Il me lance un regard appuyé.


— Et tu ne t’enfuis pas en route.


— Je ne fuis pas, je réponds.


À l’intérieur, une petite voix commente :

Je ne saurais même pas où aller si je voulais le faire.


Tonton se renfonce dans sa chaise.


— Bien. Alors on fait comme ça.


Kaito et moi sortons quelques minutes plus tard.


Quand la porte se referme derrière nous, je sens encore sur ma nuque le poids du mot qu’ils n’ont pas prononcé à voix haute :


Danger.


L’après-midi arrive plus vite que prévu.


Ou alors c’est juste moi qui passe le temps en boucle entre :

“je suis dans le corps d’une renarde blanche”,

“des fanatique du dieu Soleil posent leurs pions autour de la ville”,

“on va confier mes crises à des religieux que je ne connais pas”.


À un moment, Kaito toque à ma porte.


— Prête ?


Je noue la ceinture de ma tenue, ajuste ma cape sur mes épaules, vérifie machinalement la position de mon épée. Autant avoir au moins l’illusion d’être prête.


— Autant que possible, je réponds.


Nous descendons ensemble. Le hall bruisse toujours de voix, mais cette fois, je ne m’y attarde pas.


On sort.


L’air extérieur sent la pierre chaude, le sel et le bois mouillé des quais.


Depuis la guilde, la ville se déploie en pente douce vers le port. Des maisons serrées les unes contre les autres, des toits de tuiles, des fumées qui montent en filets gris.


— On monte, annonce Kaito.


Mon corps sait déjà ce que ça veut dire.


Nous quittons les rues plus basses, celles où on entend encore les cris des marchands et le brouhaha des marins, pour commencer à grimper vers la ville haute.

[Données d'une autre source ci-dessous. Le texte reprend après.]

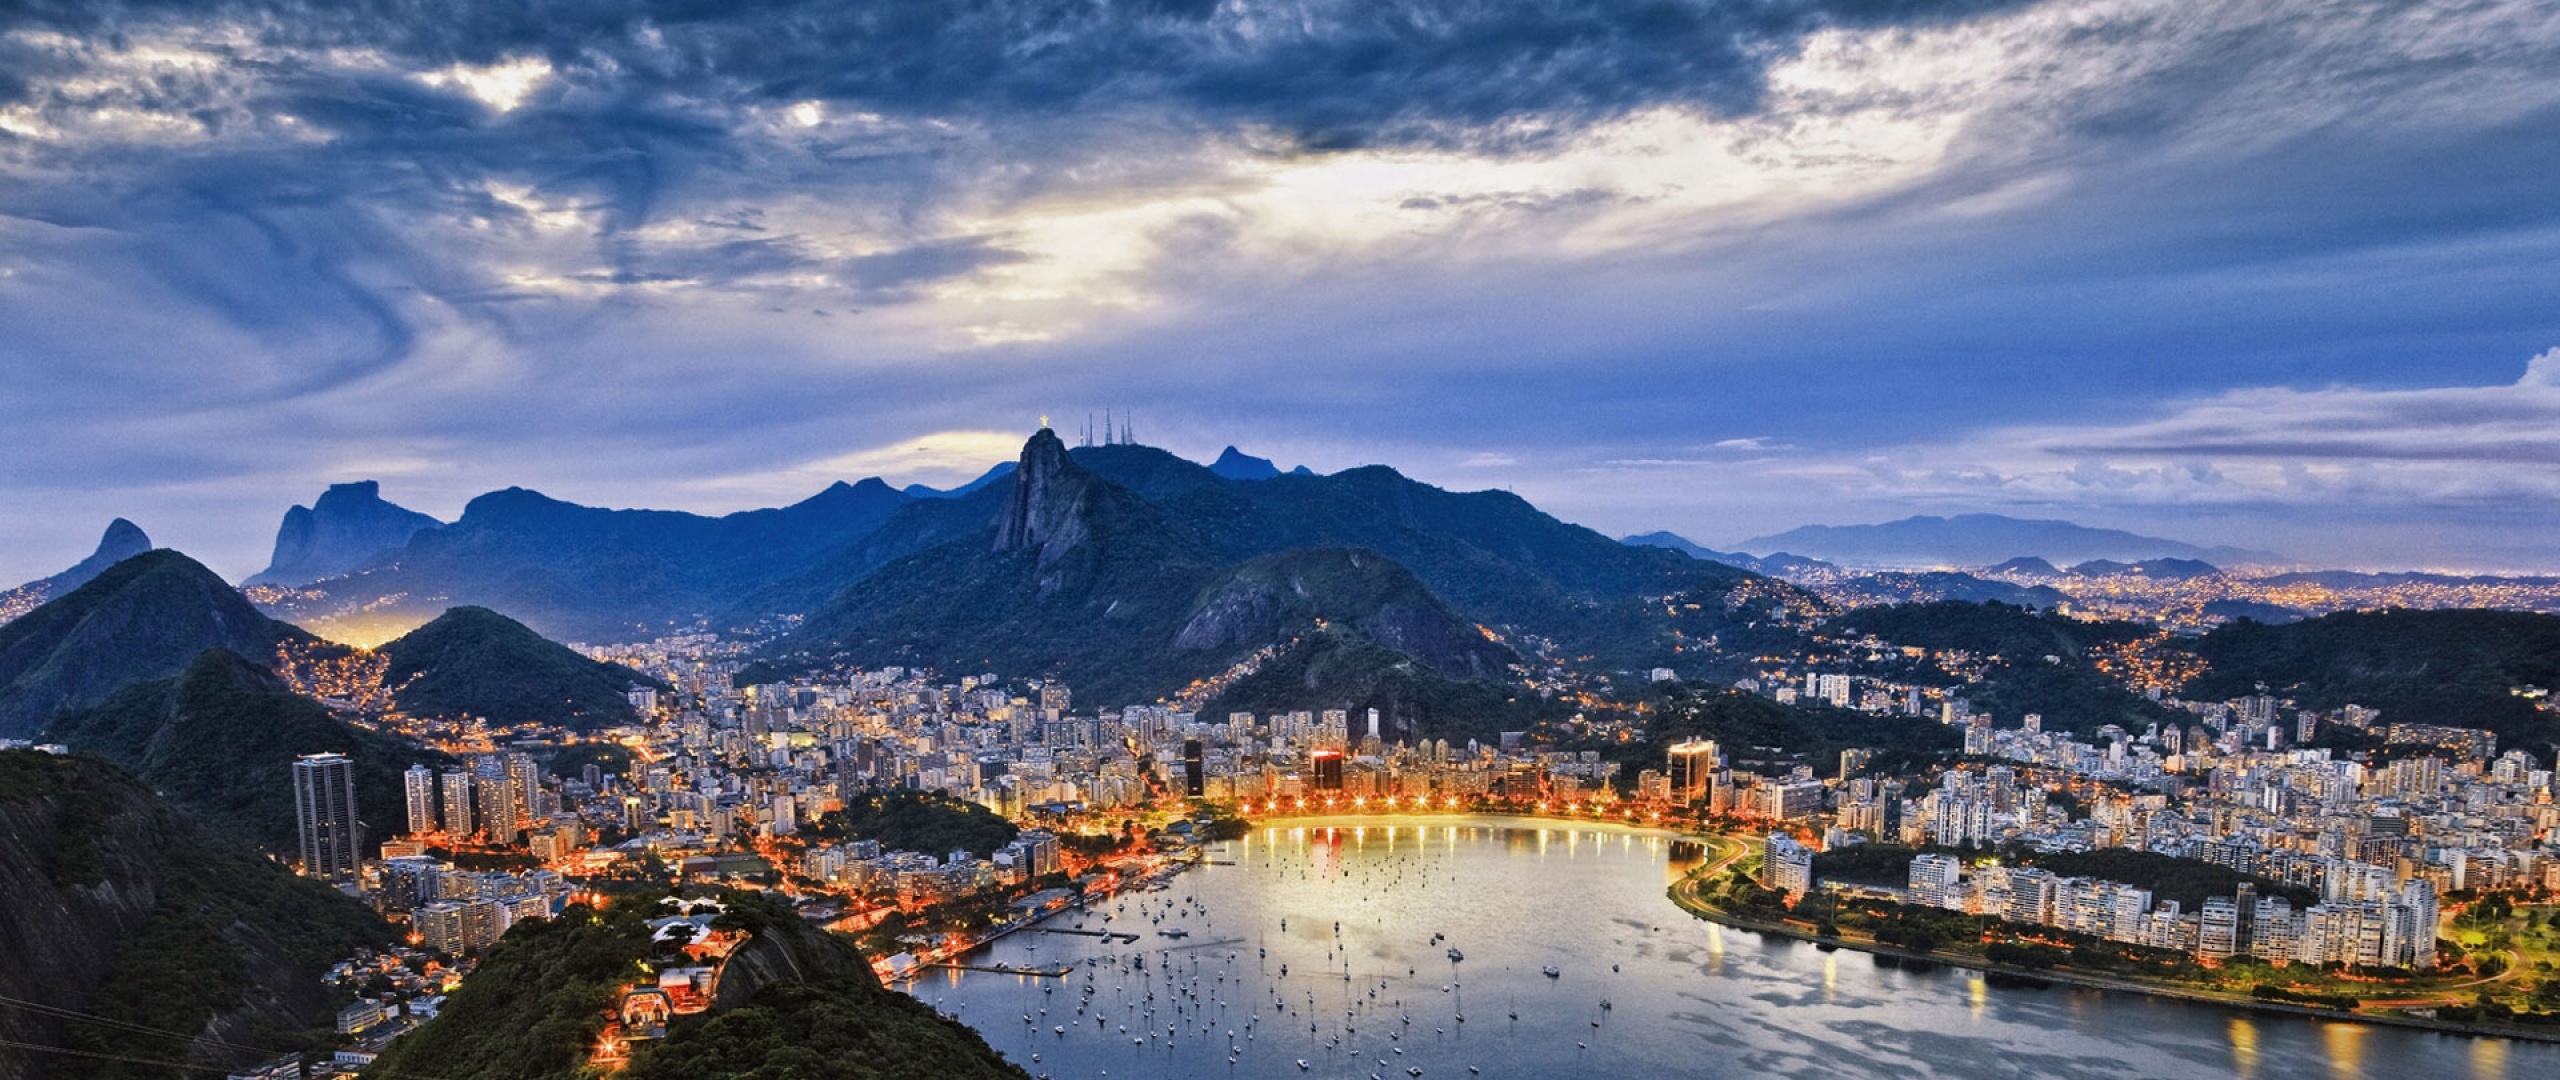 Wallpaper Brazil, Rio de Janeiro, Guanabara Bay, 2560x1080 Dual Screen Desktop

Au fur et à mesure, le pavé devient plus régulier.

Les façades se font plus propres.

Les portes plus larges.


Je jette un regard en arrière.


Le port s’étale en contrebas : lignes de quais et silhouettes de navires. La mer, au-delà, reflète une lumière blanche un peu voilée.


— Cette ville… elle est toujours divisée comme ça ? je demande.


Kaito hoche la tête.


— Ville basse : docks, artisans, petites auberges. Ville haute : administrations, grandes maisons, temples.


Dans mon crâne, une autre question tourne.


Je la laisse sortir, en essayant de paraître vague, comme quelqu’un qui révise des choses déjà apprises :


— Rappelle-moi… Les temples, ici… c’est surtout la Lune, non ?


Kaito me lance un regard de côté.


— Tu fais vraiment semblant d’écouter pendant les cours ou tu es en train d’inventer un nouveau type de migraine ?


— Juste… rafraîchir, je marmonne.


Il soupire, mais répond quand même.


— Ici, Saeluna règne sur les toits.


Le nom me fait quelque chose dans la poitrine. Comme une note de musique que je reconnais sans savoir d’où. Ça sonne… juste. Rassurant, même.


— “Dame de la Nuit”, poursuit-il. Déesse de la Lune changeante, des cycles, des marées, des chemins entre la veille et le rêve.


Il désigne vaguement le ciel, même si la lumière du jour masque les astres.


— Dans cette région, presque toutes les grandes fêtes tournent autour d’elle. Le port vit au rythme des courants et des marées, alors ça aide.


Je hoche la tête, comme si ça m’était revenu.


— Et… le Soleil ?


Kaito serre légèrement la mâchoire.


— Helion.


Le mot claque un peu, comme s’il avait des arêtes.


— Frère de Saeluna, dans les histoires. Dieu de la lumière, des serments, de la vérité mise en plein jour.


Il marque une hésitation.


— On raconte qu’ils se sont querellés, il y a longtemps. Certains disent que c’est pour ça que le jour et la nuit se sont séparés pour de bon. D’autres que c’est de là que viennent les saisons : quand ils se tournent le dos, il fait plus froid.


Il hausse imperceptiblement les épaules.


— Ici, il a eu quelques autels privés, autrefois. Mais jamais de grand temple. La plupart des gens préfèrent une lumière qui laisse encore un peu de place à l’ombre.


Je laisse le silence durer un peu.


— Et ceux qui parlent de lui en ce moment ? je demande.


— Ceux-là…


Il cherche ses mots.


— Disons qu’ils ont une façon de parler d’Helion qui ne ressemble pas aux vieilles histoires. Plus… exigeante. Comme si la lumière devenait un privilège qu’ils décident de donner ou non.


Ça colle un peu trop bien avec les commanditaires des bandits et leurs tirades sur “la lumière” à mon goût.


Nous arrivons enfin dans un quartier plus ouvert.


Les rues cessent d’être des couloirs étroits pour devenir de véritables allées. De grands bâtiments de pierre claire se déploient autour d’une place où l’air semble plus frais.


Au centre, un bassin circulaire reflète le ciel. L’eau est parfaitement immobile, comme si quelqu’un lui avait donné l’ordre de se tenir tranquille.


Au fond de la place, le Temple de la Nouvelle Lune.


L’architecture est sobre, sans excès.

Pas de statues géantes, pas de dorures.


Des murs pâles, presque blancs, veines grises dans la pierre.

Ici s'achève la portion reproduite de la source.